The problem:
Transcribe every line of the material below without change, apart from dropping the pictures.

Data extract:
========
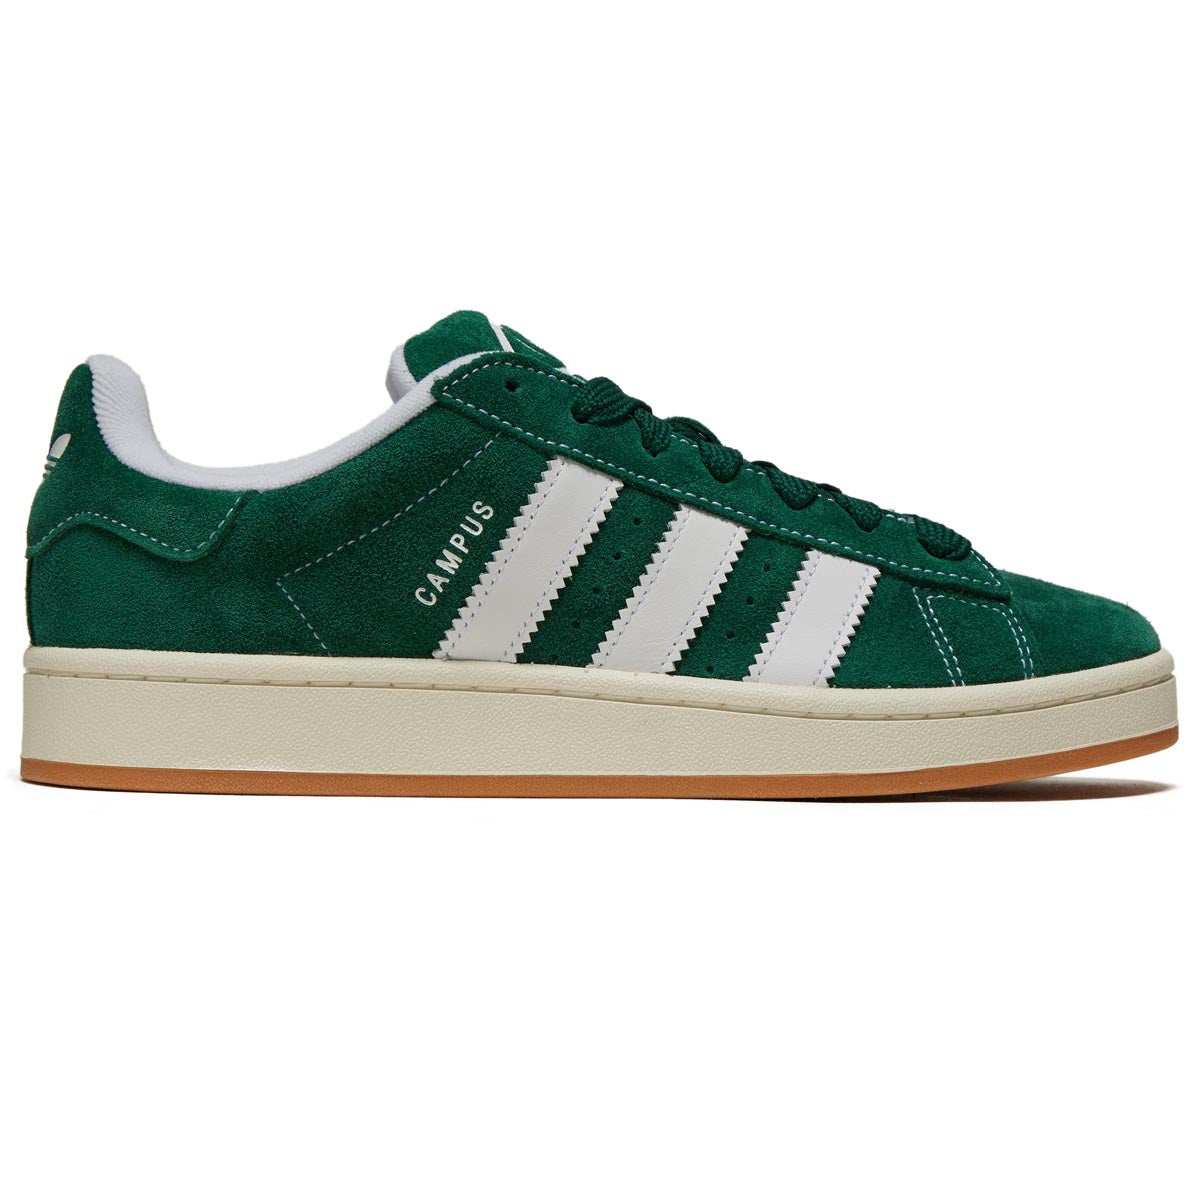 Adidas Campus 00s Shoes - Dark Green/Ftwr White/Off White image 1
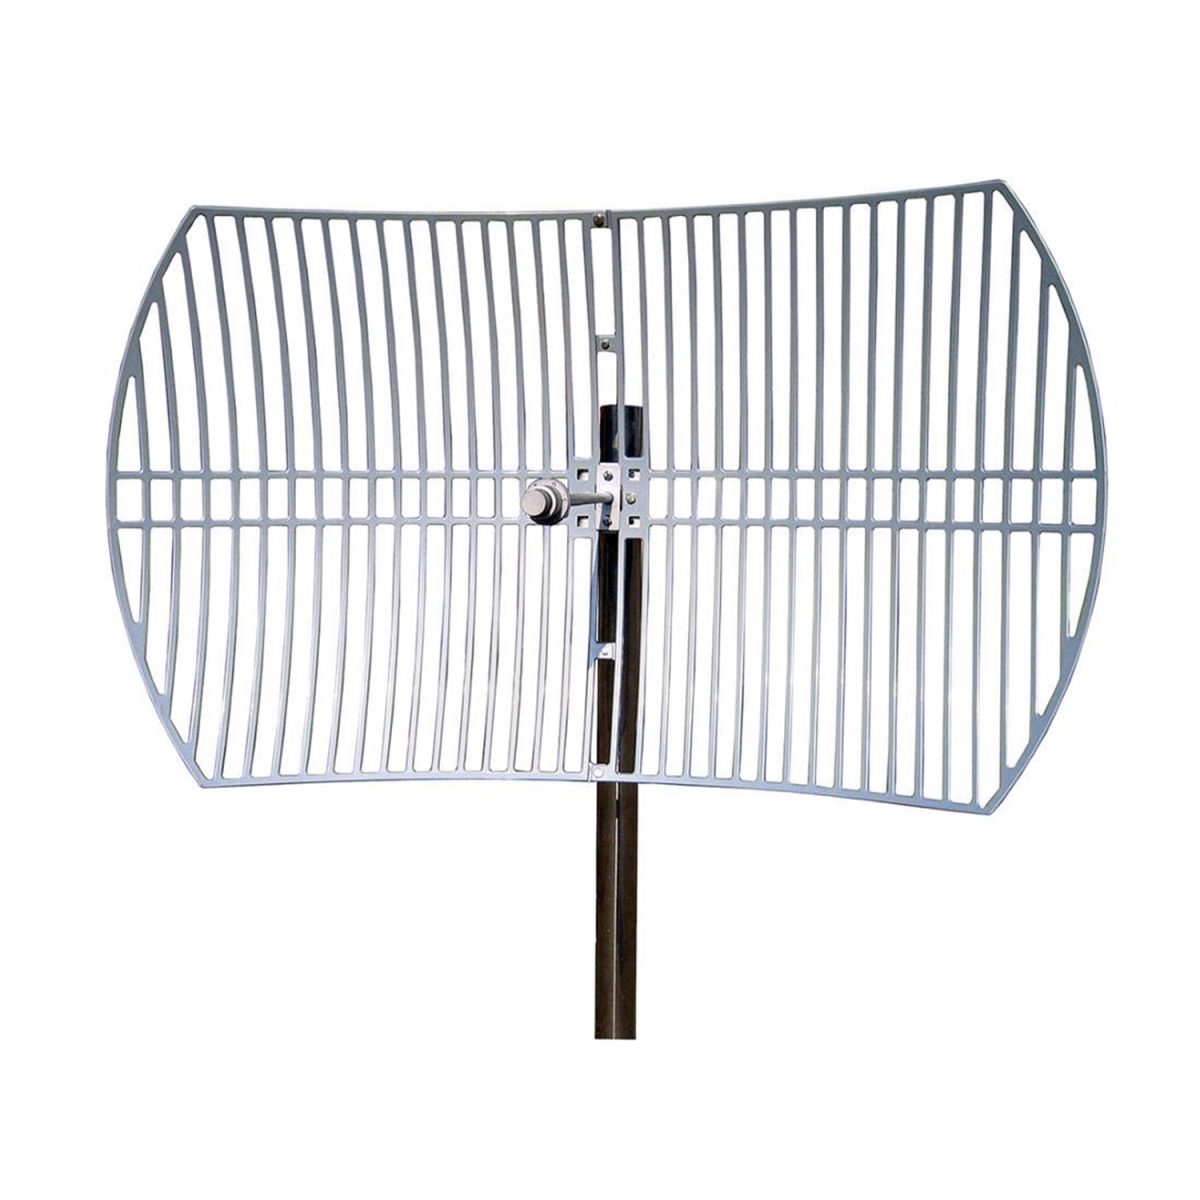 Picture of Turmode WAG58293 Grid Parabolic WiFi Antenna for 5.8GHz
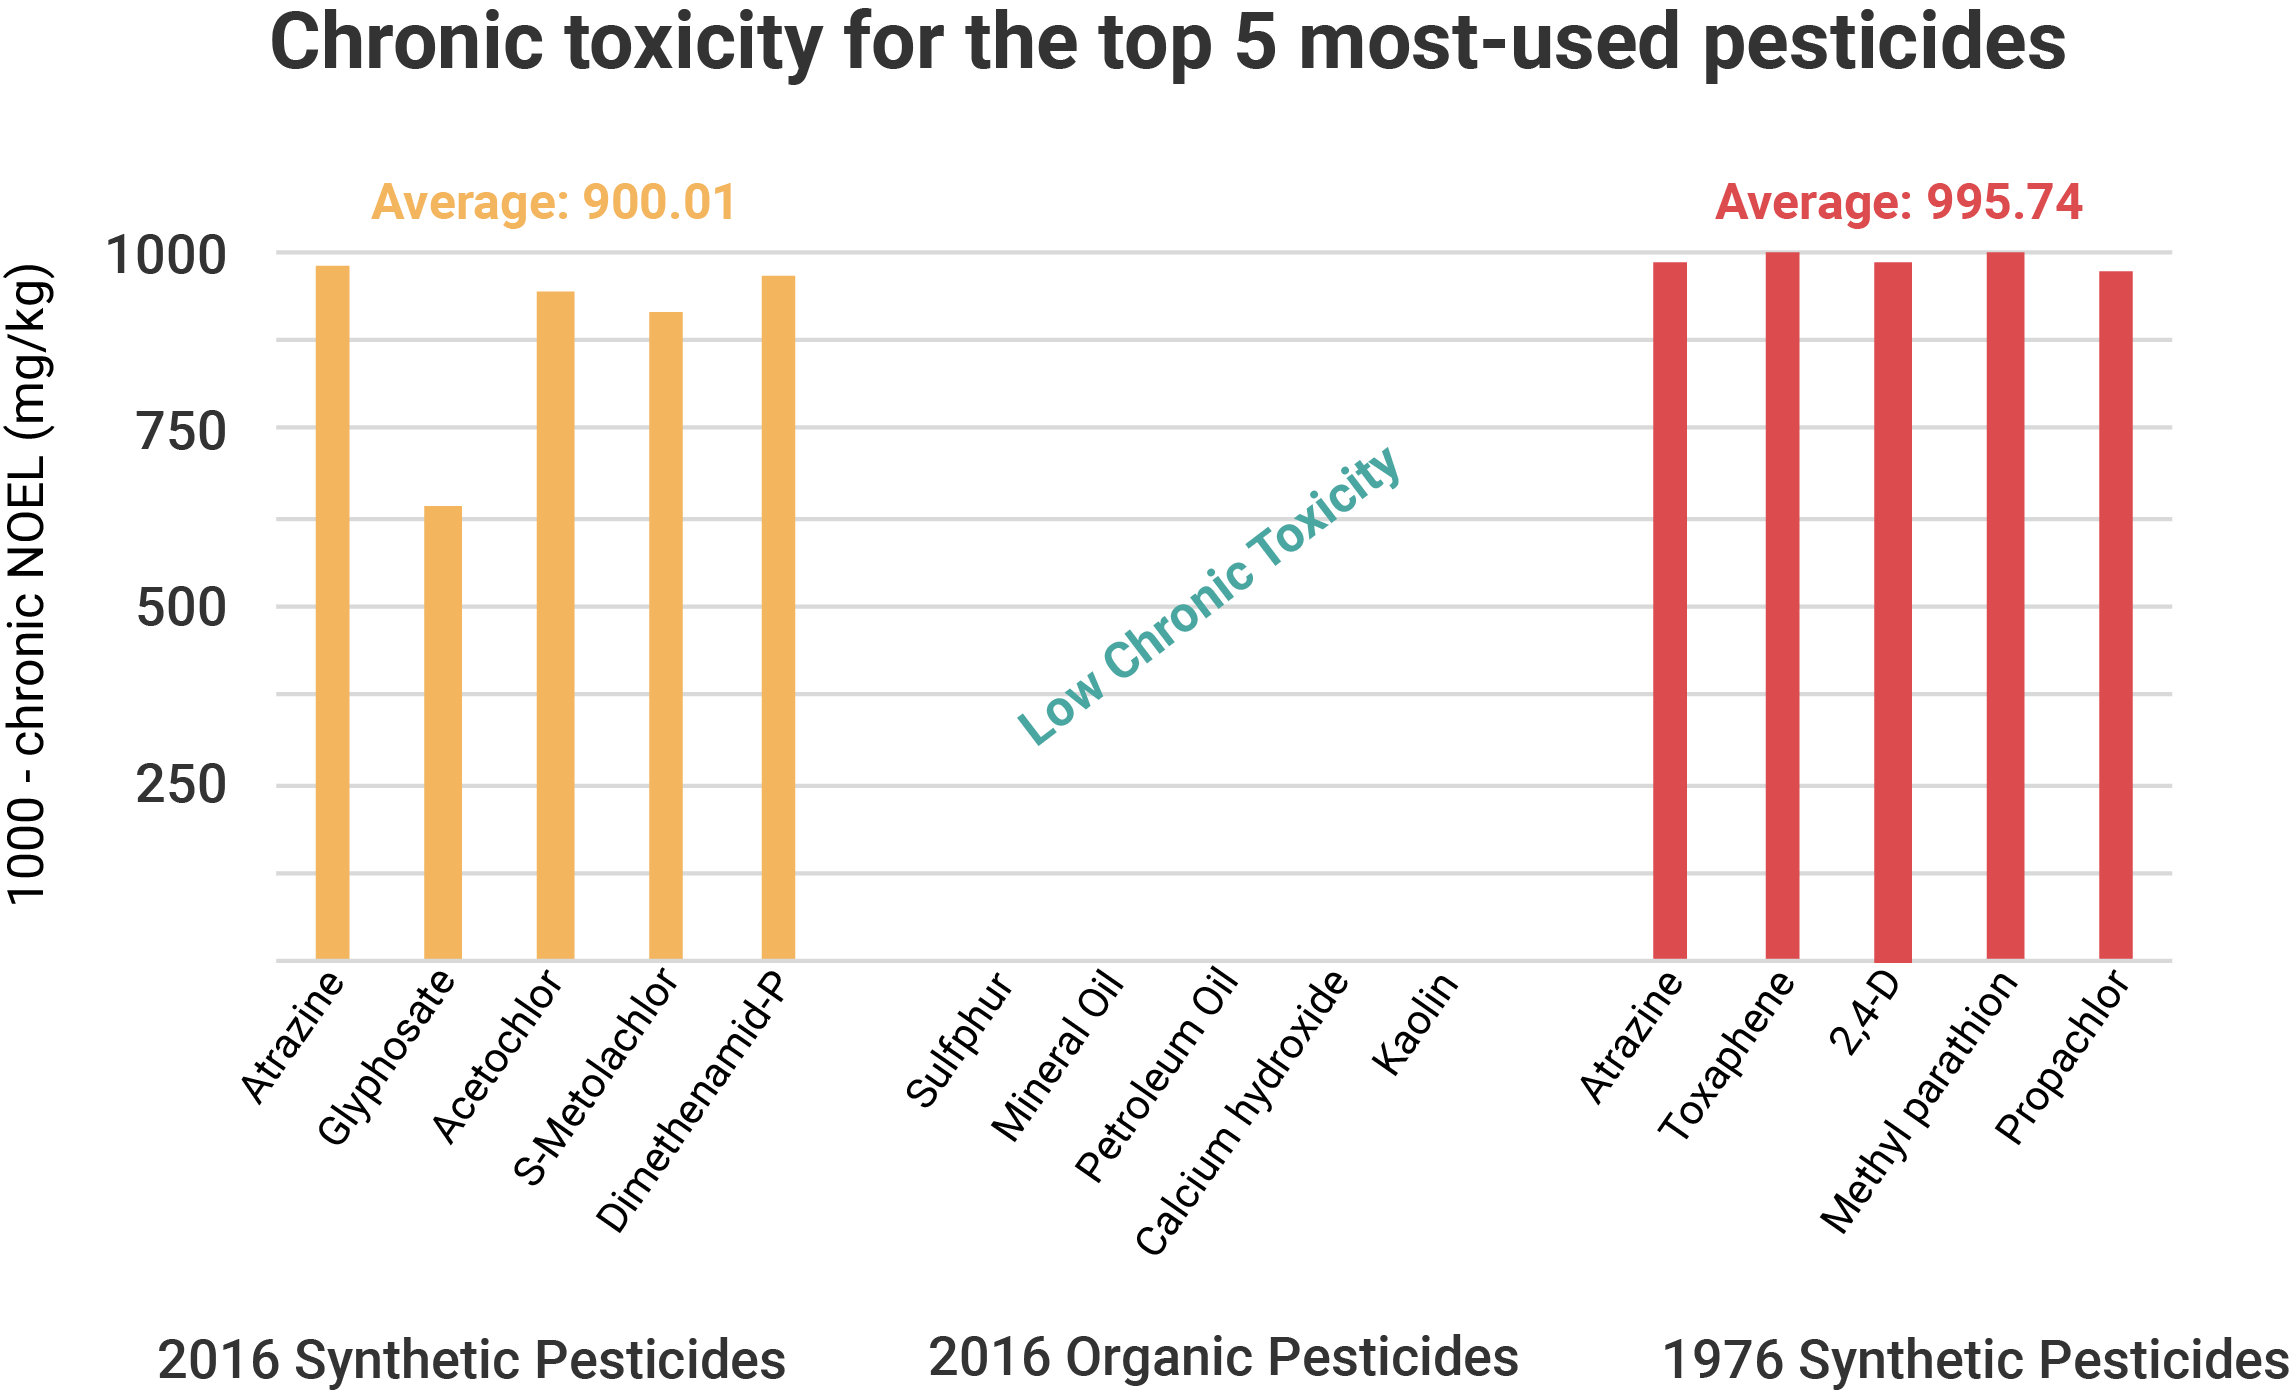 A graph comparing the chronic NOEL values for the top 5 most-used synthetic pesticides from 1976, organic pesticides from 2016, and synthetic pesticides from 2016.
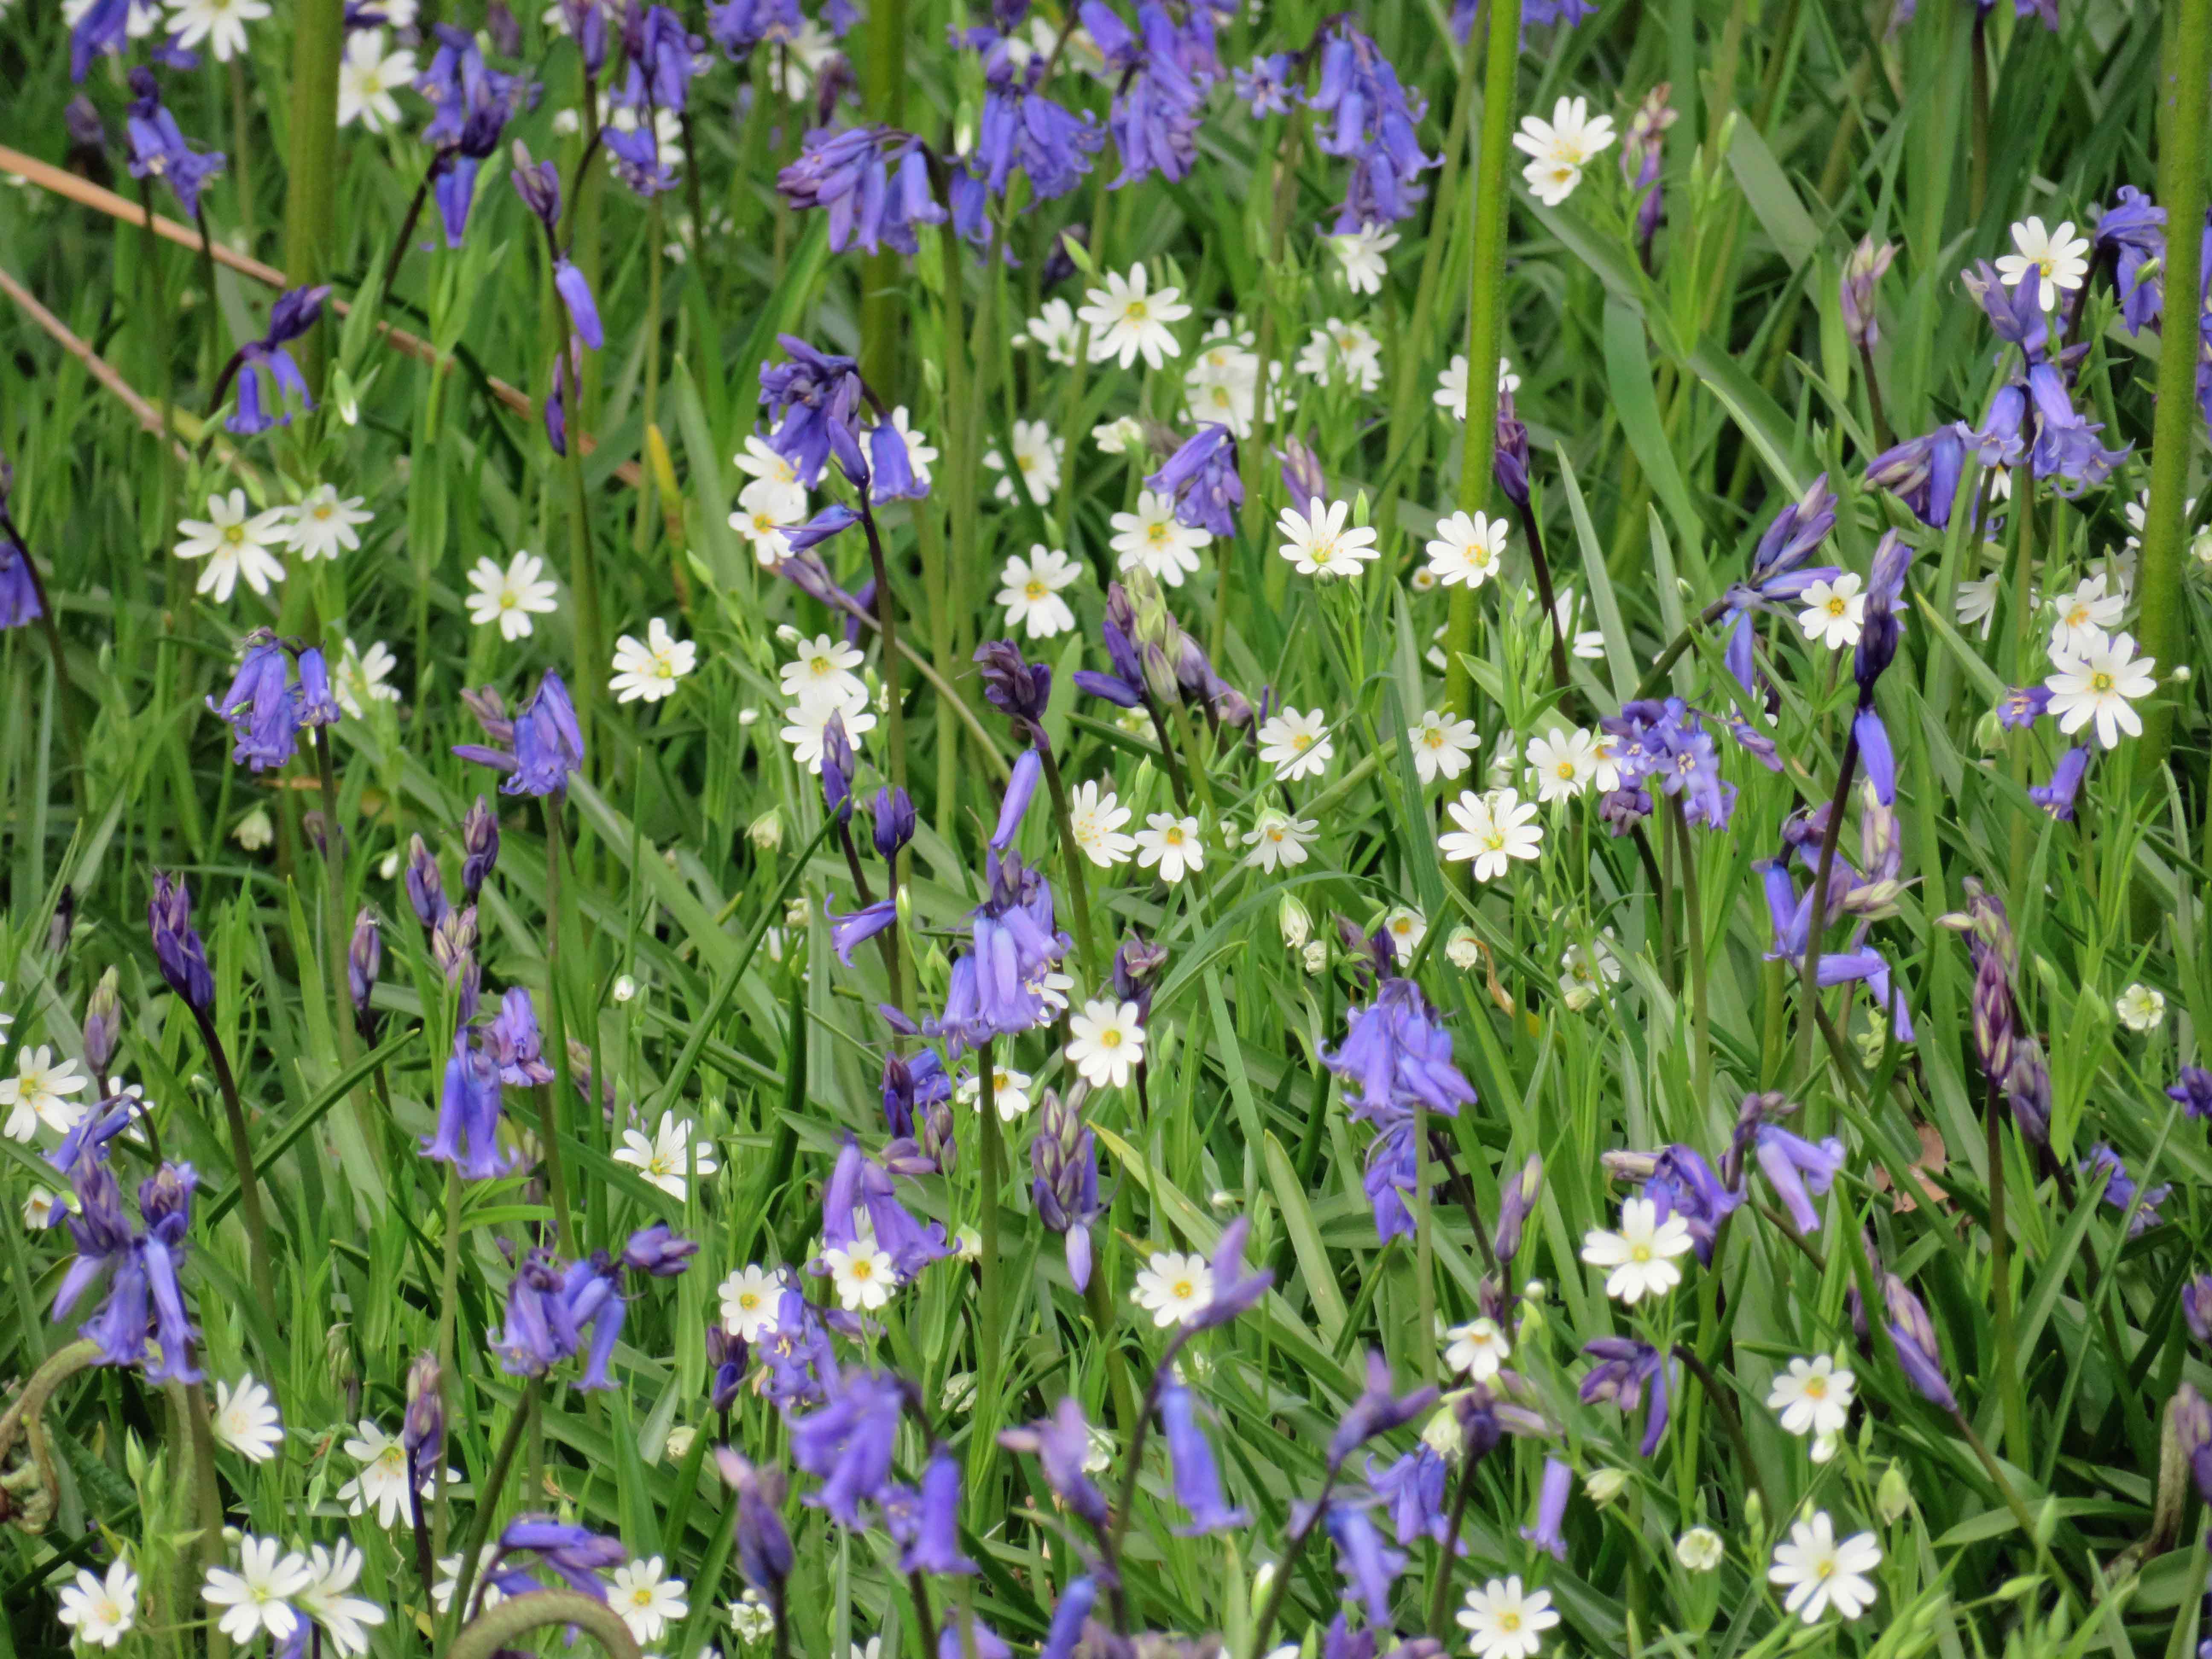 Bluebells and greater stitchwort
========
Task solution:
 Adidas Campus 00s Shoes - Dark Green/Ftwr White/Off White image 1
 Picture of Turmode WAG58293 Grid Parabolic WiFi Antenna for 5.8GHz
 A graph comparing the chronic NOEL values for the top 5 most-used synthetic pesticides from 1976, organic pesticides from 2016, and synthetic pesticides from 2016.
 Bluebells and greater stitchwort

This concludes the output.